Fue en esos días que se fundó la Facultad de Medicina, que tanto honor debía reflejar sobre el país. Parece increíble que con aquellos comienzos haya podido generarse el cuerpo médico nacional; y esto viene a corroborar una vez más que no es local ni el aparato lo que determina el secreto de la enseñanza, sino la orientación, y su enjundia.

Nos trepábamos por una puerta para ver por los vidrios de su banderola, lo que ocurría en una pieza del edificio, la que estaba comprendida en la puerta destinada a la nueva escuela de Medicina y que hasta entonces formaba dependencia de la iglesia de los Ejercicios, del lado de la calle Sarandí. Al correrse la noticia de que ya había ahí cadáveres, en aquellos días en que los muertos parecían ser entidades prodigiosas, y temibles, ya fue la preocupación más honda de los estudiantes el saber en qué había de parar todo esto, tan lleno de misterio y novedad.

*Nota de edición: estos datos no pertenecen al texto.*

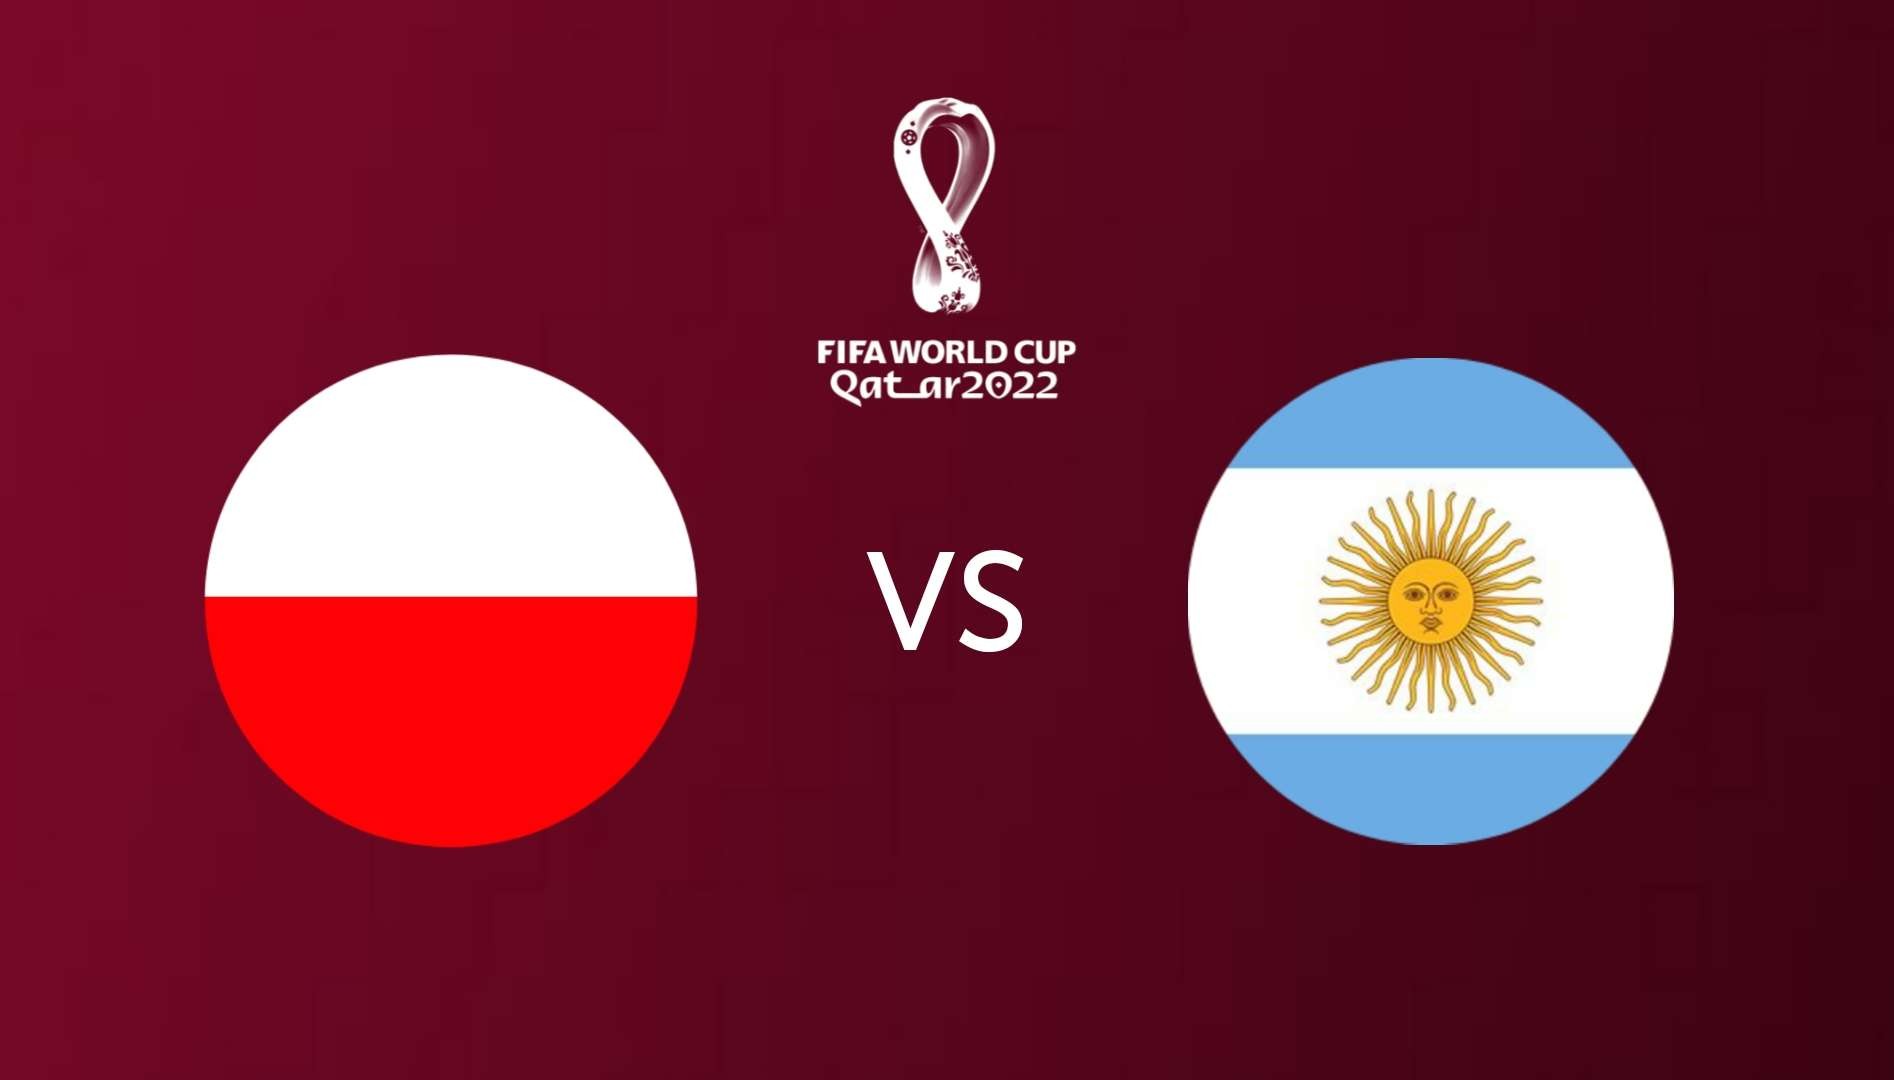 Polandia vs Argentina. (Fa Vidhi/Ngopibareng.id)

Se trataba de las pruebas de disección anatómica que debían presentar los concusantes al profesorado en la cátedra de Anatomía, que lo eran el doctor José Masriera, un español ya muy añoso, y el doctor Julio Jourkousky, polaco, que ejerció por muchos años la medicina en nuestro país. Pudimos ver por los vidrios de la banderola el trabajo de Masriera. Recuerdo que sobre un joven mulato había disecado su garganta y su pecho, y que había ligamentos que parecían hechos con cintitas de color. Esperamos a ver lo [que] haría Jourkousky, pues nos parecía insuperable la hazaña de Masriera. A él le tocó un viejo lotero, cuyo tronco permaneció varios días en una tina, y desapareció sin que pudiésemos ver en que había parado su preparación, todo lo cual comenzaba a interesarnos ya como si hubiésemos de fallar el concurso. Va sin decir que supimos que el concurso fue decidido a favor del doctor Jourkousky, el cual desempeñó por mucho tiempo la cátedra de Anatomía de la incipiente Facultad actual, tan copetuda hoy, y con tanta razón.

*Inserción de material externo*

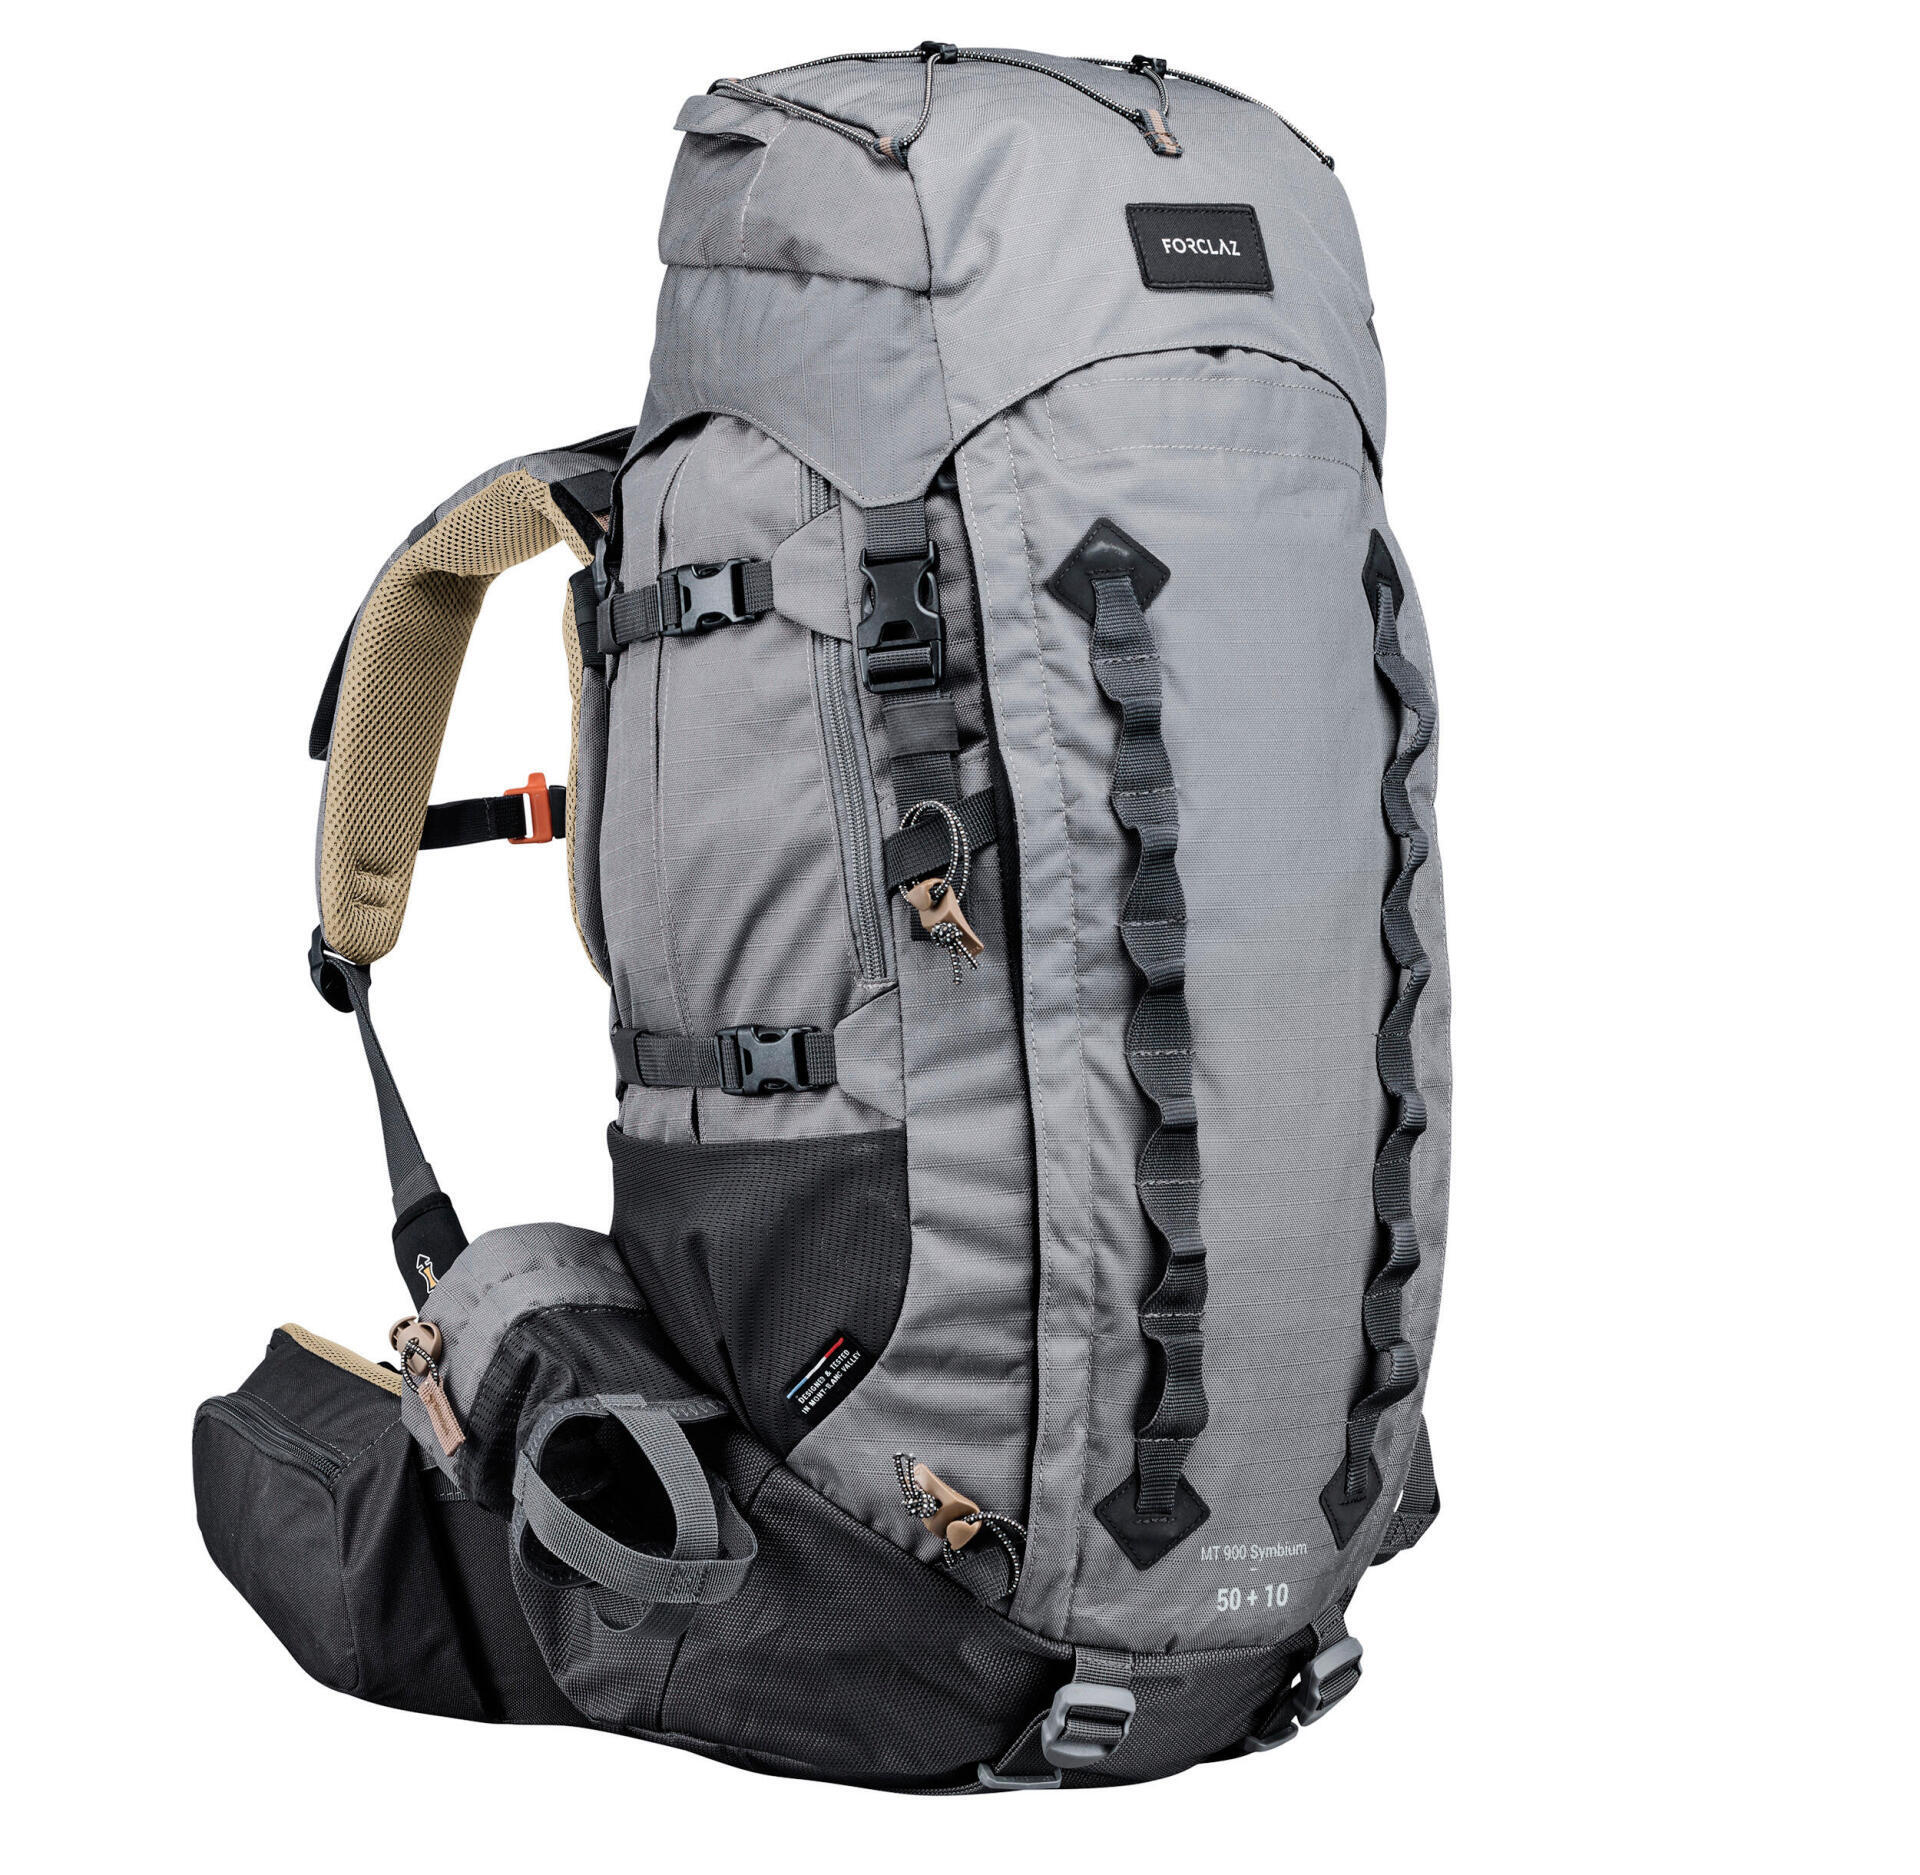 Choosing a durable backpack

Poco a poco se nos hizo familiar ir de paso a la Facultad, para cerciorarnos de sus ocurrencias, y ya mirábamos a los muertos, aun cuando estuviesen descuartizados, sin gran emoción, lo que nos fue haciendo comprender lo que se llama insensibilidad del médico, en primer lugar, y, después, que uno se acostumbra a todo.